Frequently asked questions

  • What peer-reviewed research exists on retatrutide?

    The primary retatrutide literature includes a discovery and preclinical characterization paper in Cell Metabolism (2022), a cryo-electron microscopy structural study in Cell Discovery (2024), a phase 1b multiple-ascending-dose trial in The Lancet (2022), and phase 2 trials reported in the New England Journal of Medicine (2023), The Lancet (2023), and Nature Medicine (2024). This article summarizes each with attribution and methodology context.

  • Why is retatrutide described as a triple receptor agonist?

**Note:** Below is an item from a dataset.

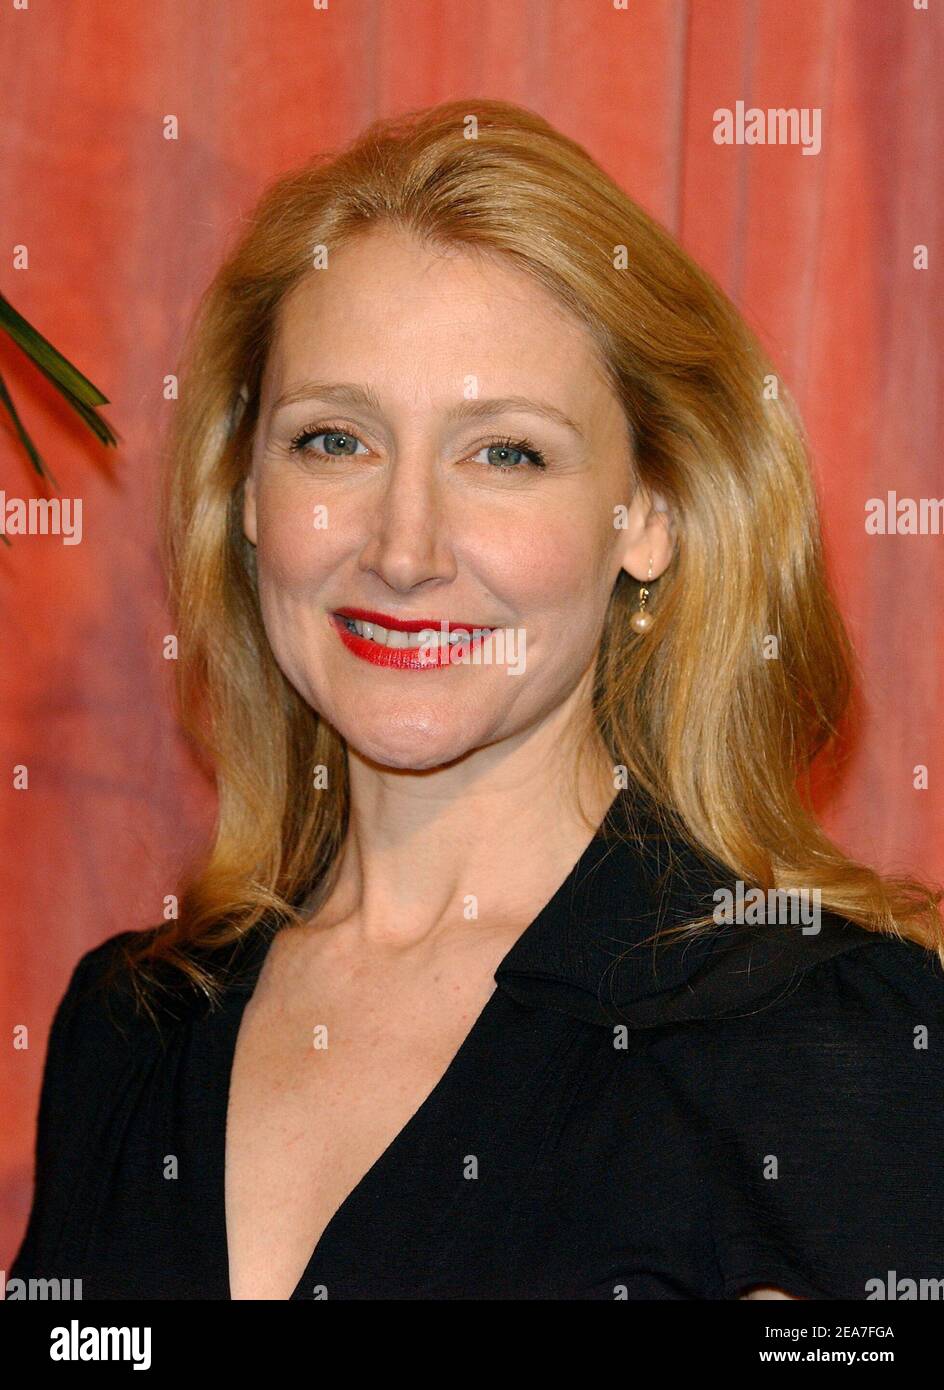 Patricia Clarkson attends the 76th Academy Awards Nominees Luncheon at the Beverly Hilton Hotel. Los Angeles, February 9, 2004. (Pictured: Patricia Clarkson). Photo by Lionel Hahn/Abaca. Stock Photo
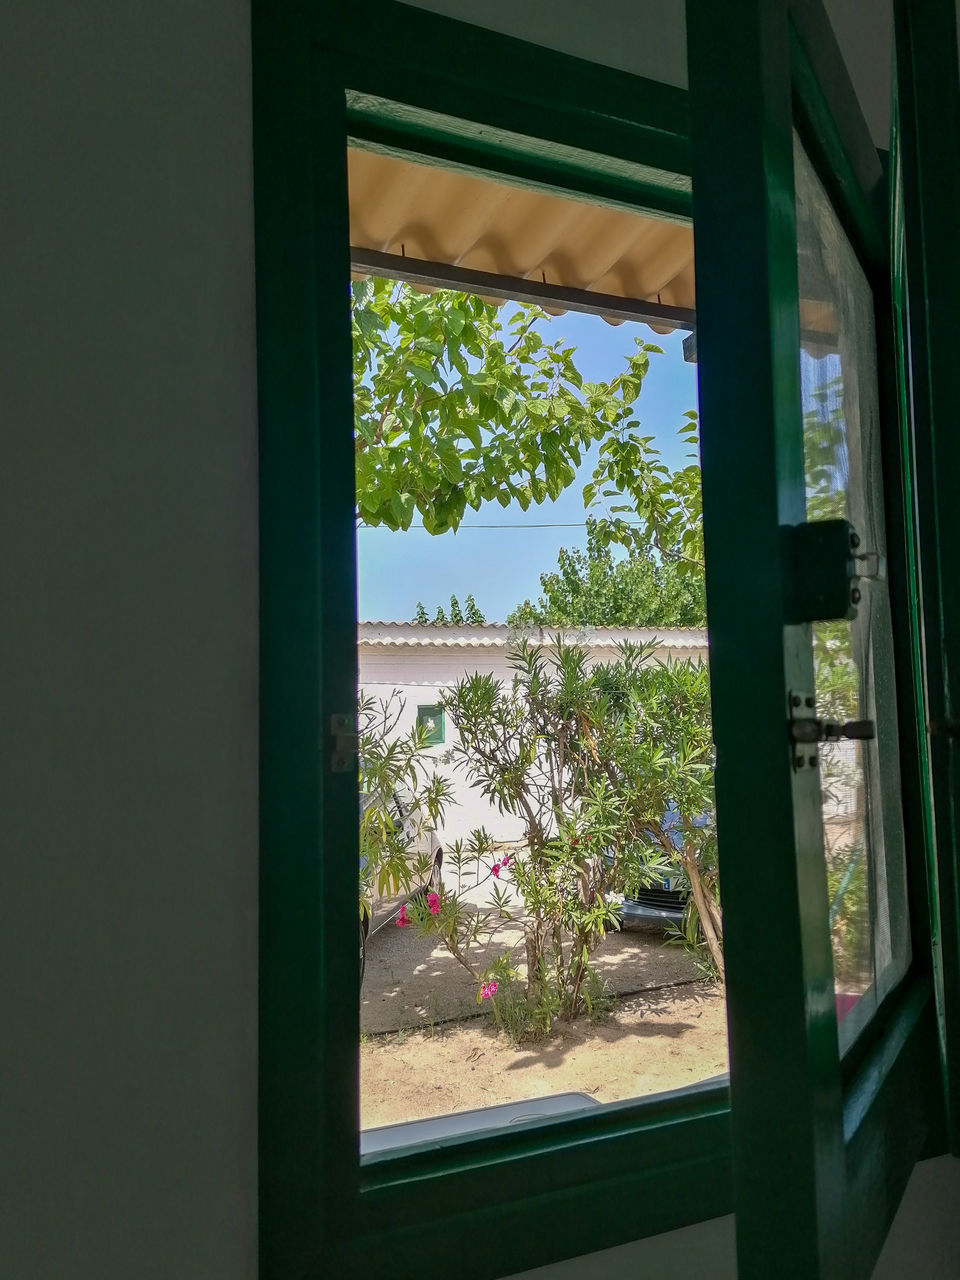 window, green, plant, architecture, glass, tree, house, indoors, interior design, nature, no people, home, window covering, built structure, day, building, transparent, open, sky, growth, home interior, residential district, wall

    Retatrutide (LY3437943) is reported to act as an agonist at three receptors: the GIP receptor, the GLP-1 receptor, and the glucagon receptor. A 2024 cryo-electron microscopy study in Cell Discovery resolved the compound bound to each of the three receptor complexes and described distinct binding geometries, providing atomic-resolution context for how one peptide engages all three targets.

  • What did the phase 2 obesity trial (Jastreboff et al., 2023) report?

    Jastreboff and colleagues reported a 48-week phase 2, randomized, double-blind, placebo-controlled trial in the New England Journal of Medicine in 2023. The authors reported statistically significant mean reductions in body weight from baseline across the retatrutide dose groups relative to placebo, with gastrointestinal adverse events the most frequently reported findings, consistent with the incretin-agonist class.

  • What did the retatrutide MASLD study examine?

    Sanyal and colleagues reported a phase 2a, randomized, placebo-controlled trial in adults with metabolic dysfunction-associated steatotic liver disease in Nature Medicine in 2024. The 98-participant trial used liver fat measured by MRI-PDFF as the primary endpoint at 24 weeks and reported statistically significant mean relative reductions in liver fat across retatrutide groups relative to placebo, which the authors characterized as hypothesis-generating.

  • Are phase 3 retatrutide trials published?

    A phase 3 program is registered on public trial registries under program names including TRIUMPH (obesity) and TRANSCEND (type 2 diabetes); NCT05929066 is one registered obesity trial. At the time of writing, pivotal phase 3 peer-reviewed publications were still emerging, so this article summarizes only the published preclinical, phase 1, and phase 2 literature.